Crying shame

Crying shame

Cricket as an international game faces its worst ever crisis with several Pakistani players being charged with ‘spot-fixing’ during the recently concluded Test match against England at the Lord’s. Unlike the previous allegations of match-fixing, which were mostly based on circumstantial evidence, damning evidence through a sting operation conducted by a British newspaper is available this time, directly implicating seven Pakistanis playing in that particular match. The cricket fraternity, administrators and fans around the world who have seen those video clips, have been completely benumbed with shock, turning into rage and disgust. The video showing the sequence of events on and off the field leading to the 1,50,000 pounds bribery scandal are so compelling and vivid that even Pakistan prime minister Yousuf Raza Gilani has been forced to admit that the allegations against its cricketers had made his countrymen “bow their heads in shame.”

If Pakistan, at least in words, has reacted strongly, the International Cricket Council (ICC), the supreme body of cricket, not surprisingly given its past record, wants the allegations to be corroborated and probed further before any action is initiated.

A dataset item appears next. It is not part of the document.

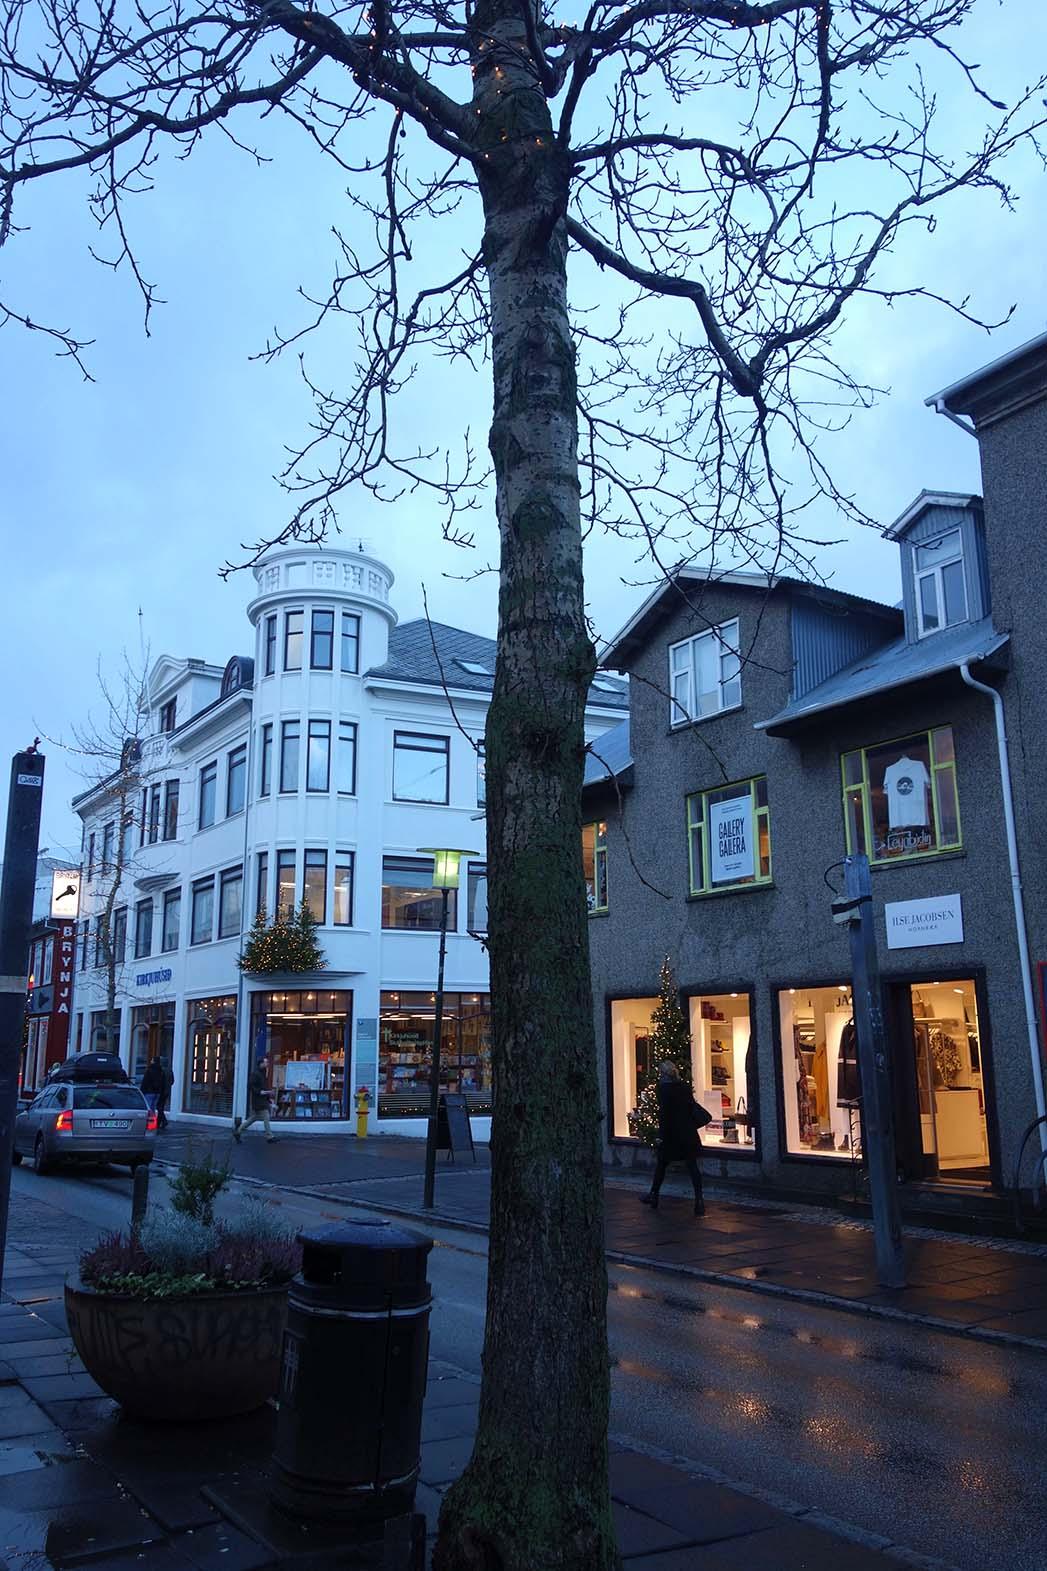 Downtown reykjavik in November

When half the Pakistan team now touring England has come under a cloud and their integrity called into question, the ICC president Sharad Pawar has allowed the remaining part of the itinerary to go on, obviously because the cricket boards and the ICC are loathe to lose the revenue. A thick-skinned politician like Pawar possibly does not understand the gravity of the situation and the least he could have done was to issue a direction to the Pakistan Cricket Board (PCB) to keep the tainted players out until their names were cleared.

In fact, the ICC has been guilty of brushing under the carpet serious incidents of match-fixing ever since the Hansie Cronje-gate rocked the cricketing world just over a decade ago. The ICC has set up an Anti-Corruption Unit to sniff out erring players and investigate into allegations that surface from time to time, but it has utterly failed in its duty. The PCB has contributed more than its share to bring disrepute to the game through its kid-glove treatment of serious offenders, who have been allowed to mock at the so-called life bans. A time has come for the ICC to quickly establish the truth behind the latest scam and if it is proved, to impose a ban on the entire Pakistan’s team at least for two years.